Minister of Energy and Water
- Incumbent
- Assumed office 8 February 2025
- Prime Minister: Nawaf Salam
- Preceded by: Walid Fayad

Personal details
- Born: 1959 (age 66–67)
- Alma mater: ESSEC Business School Cornell University

= Joe Saddi =

Lebanese businessman and consultant

Joseph Saddi (جو صدي) is a Lebanese businessman and consultant who was based in the United Arab Emirates leading privatization efforts in the energy, mining, and steel sectors. He is currently the Minister of Energy and Water in the Cabinet of Nawaf Salam since February 8, 2025.

== Early life and education ==
Saddi was born into a Lebanese Greek Orthodox family. He earned a bachelor's degree from the ESSEC Business School in Paris and then an MBA from Cornell University.

== Career ==
Joe Saddi served as the global chairman of Booz & Company and managing director of its Middle East business. He is currently a senior executive advisor at Strategy&, part of the PwC network, where he has led major privatization programs in sectors like oil and gas, mining, steel, and electricity. He has also advised Middle East governments on sector deregulation and policy.

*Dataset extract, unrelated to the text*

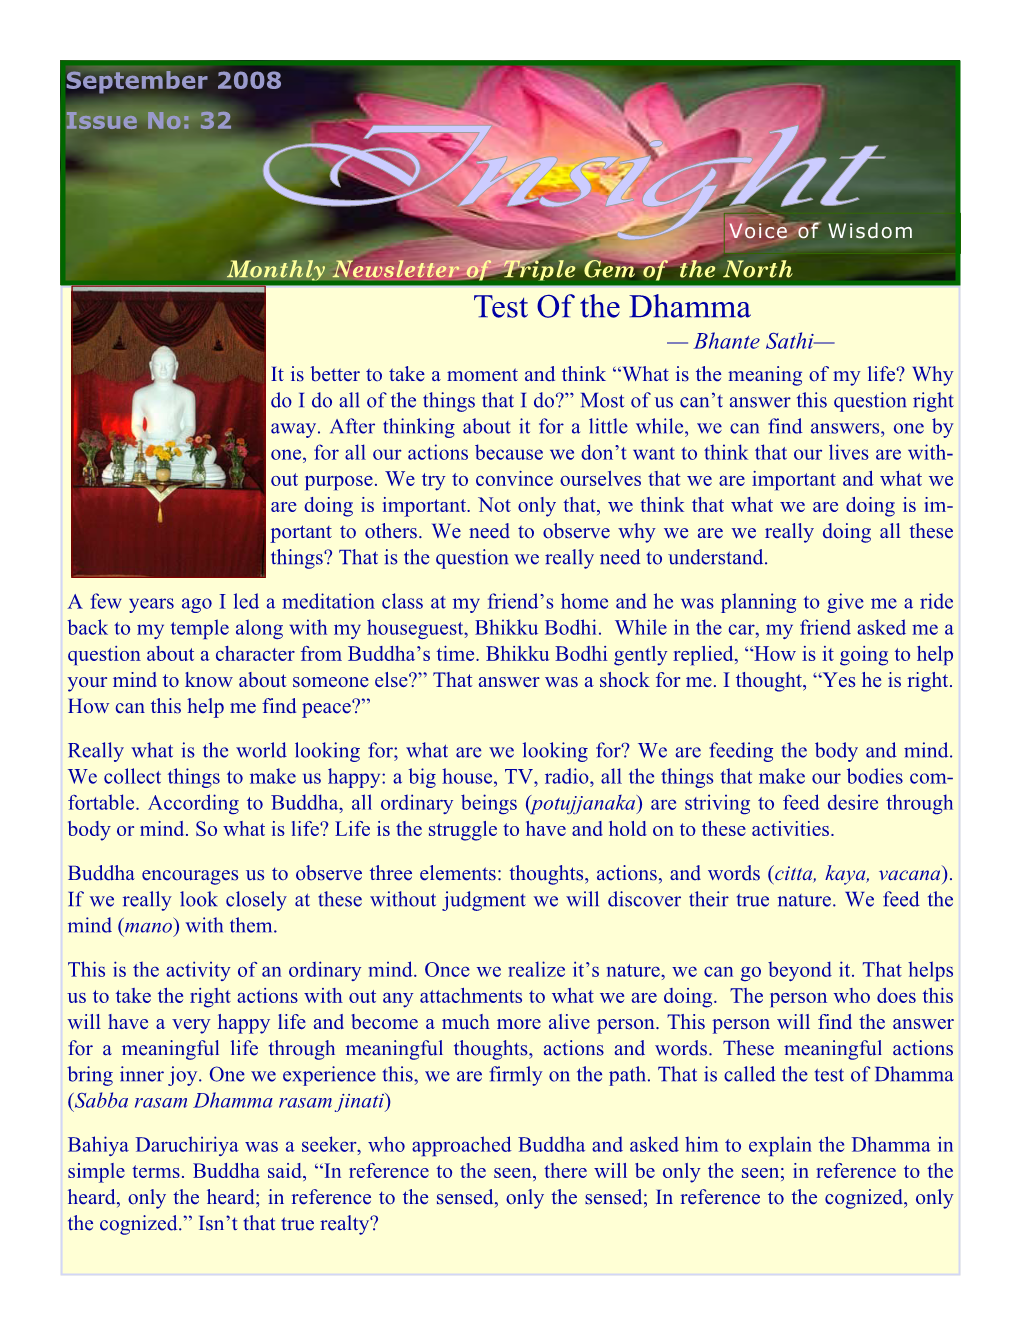 Test of the Dhamma

During Saad Hariri's attempt in forming a government in July 2021, he proposed Saddi's name as Deputy Prime Minister of Lebanon which is reserved for Orthodox Christians. However, formation failed and Hariri resigned from his designation. On February 8, he was appointed Minister of Energy and Water of Lebanon by Nawaf Salam after being suggested by the Lebanese Forces party. It marked the first time in years that the energy minister was not named by the Free Patriotic Movement, a rival Christian party once close to Hezbollah before relations broke.